What runs between your two touches — the 9 phases

🔵 0–2 · Intake → EBO → Confirm
transcriptintent.json/user-journeys EBO🟢 sign
Parses type:"user" AND queued_command (the follow-ups a naive parser drops). Authors the oracle via /user-journeys, mirrors to Notion, blocks on your sign-off.
🔵 3 · Decompose
EBO rowstaskspick modelcompile slices
God-module (flows.py/dash.py) touchers serialise; file-disjoint work fans out. Each slice is read-only + never-guesses a probe path.
🔵 4 · Fan-out
builder (worktree+TDD)Sonnet QA twinreturn + qa
One builder per task on its own branch; a Sonnet QA twin (no shared context) runs visual-qa-ultra on the slice + audits each test for "theater". board-card-qa during, visual-qa-ultra after.
🔵 5–7 · Converge → Final QA → Fix loop
bundle backup--no-ff mergewhole-EBO QAbug→fix→fresh QA
Sequential merges, suite green after each (red ⇒ STOP, never ship red). Final QA over the whole EBO catches cross-feature bugs; each fix is re-verified in a fresh QA context.

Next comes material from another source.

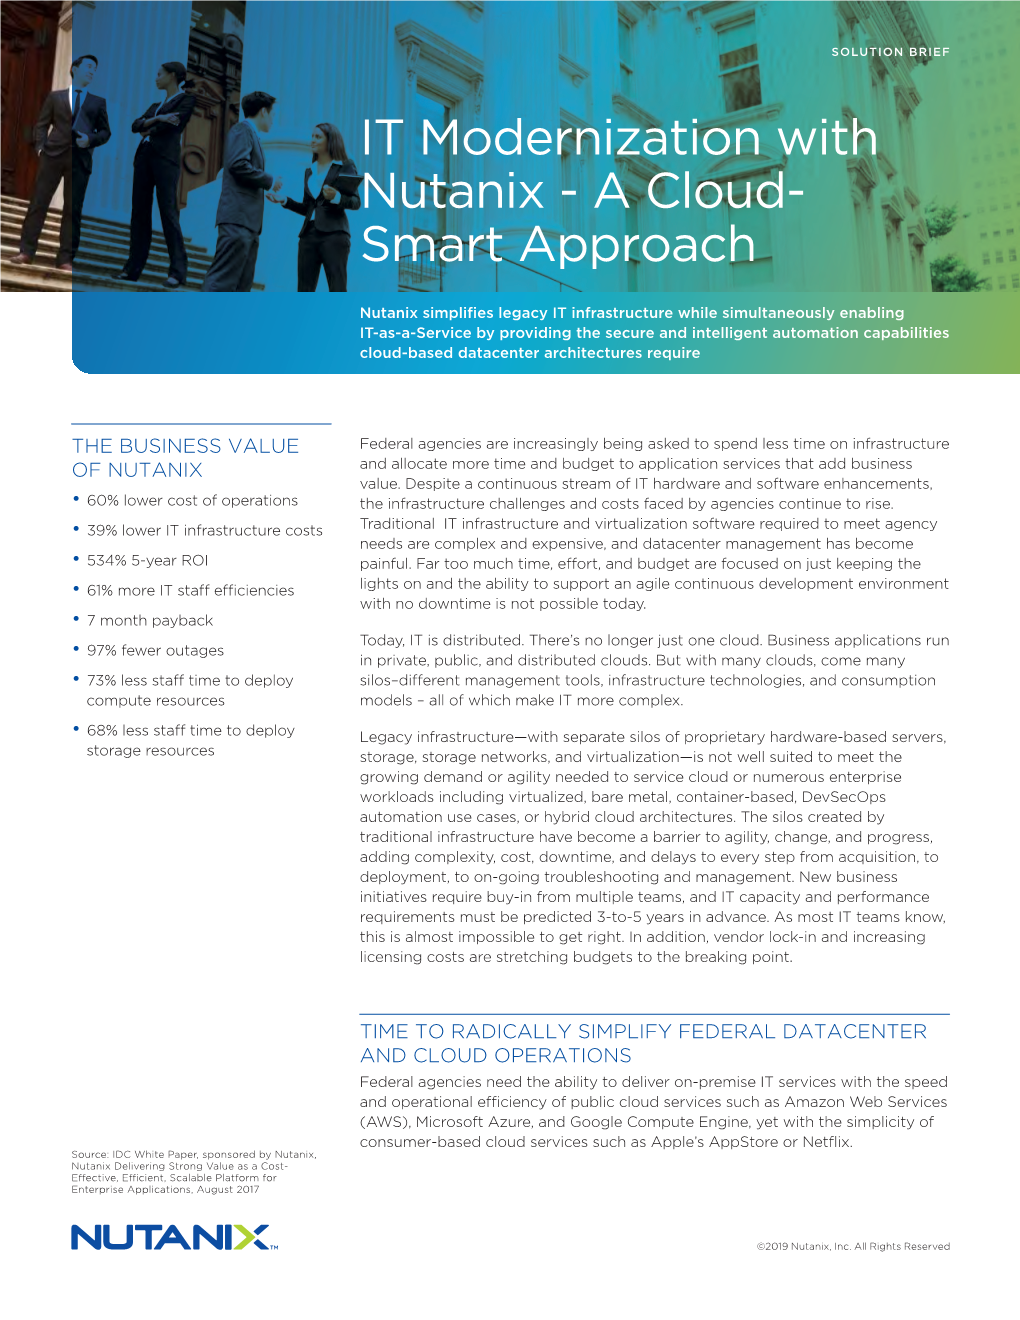 IT Modernization with Nutanix – a Cloud-Smart Approach

Caps: ≤3 concurrent builders · ≤4 product-fix attempts/row · ≤3 whole-build cycles · ≤5 question rounds/agent.

The heartbeat (long runs)

On a long run the orchestrator sets a 30-minute heartbeat (ScheduleWakeup(1800s)). On each beat it appends a checkpoint line and resumes from run_state.json if anything stalled. A background wait that times out while work is still running is not a stop — it re-issues. You can ignore the run until it pings you for the EBO sign-off (start) or the accept (end). Check progress any time with init_run.py status --run-id <id>.

The second human moment — reading the final report & accepting

The run ends at PENDING_REVIEW — it will not push until you accept.

In the report, look for…What it means
The verdict table (behavior → PASS / STATE_MISSING / BLOCKED → the one deciding fact)Every EBO row + the single observation that settled it. PASS only on a LIVE frame + a real state delta.
run-trust = scenario_confidence × oracle_coverageTrust in the asserted invariants — never "the system works". PASSED_WITH_GAPS whenever coverage < 100%.
residual human TODOs (bucket-d rows)The genuinely-can't-automate residue (e.g. a real Stripe LIVE charge) for you to finish by hand.
probe-path TODOs in a sliceA state row the compiler refused to guess a path for — fill it to deepen the oracle (see "iterate" below).
Accepting: when the report is clean, the skill announces the integration + feature branches and pushes only then — and main stays an explicit trigger. Nothing reaches a remote before you say so.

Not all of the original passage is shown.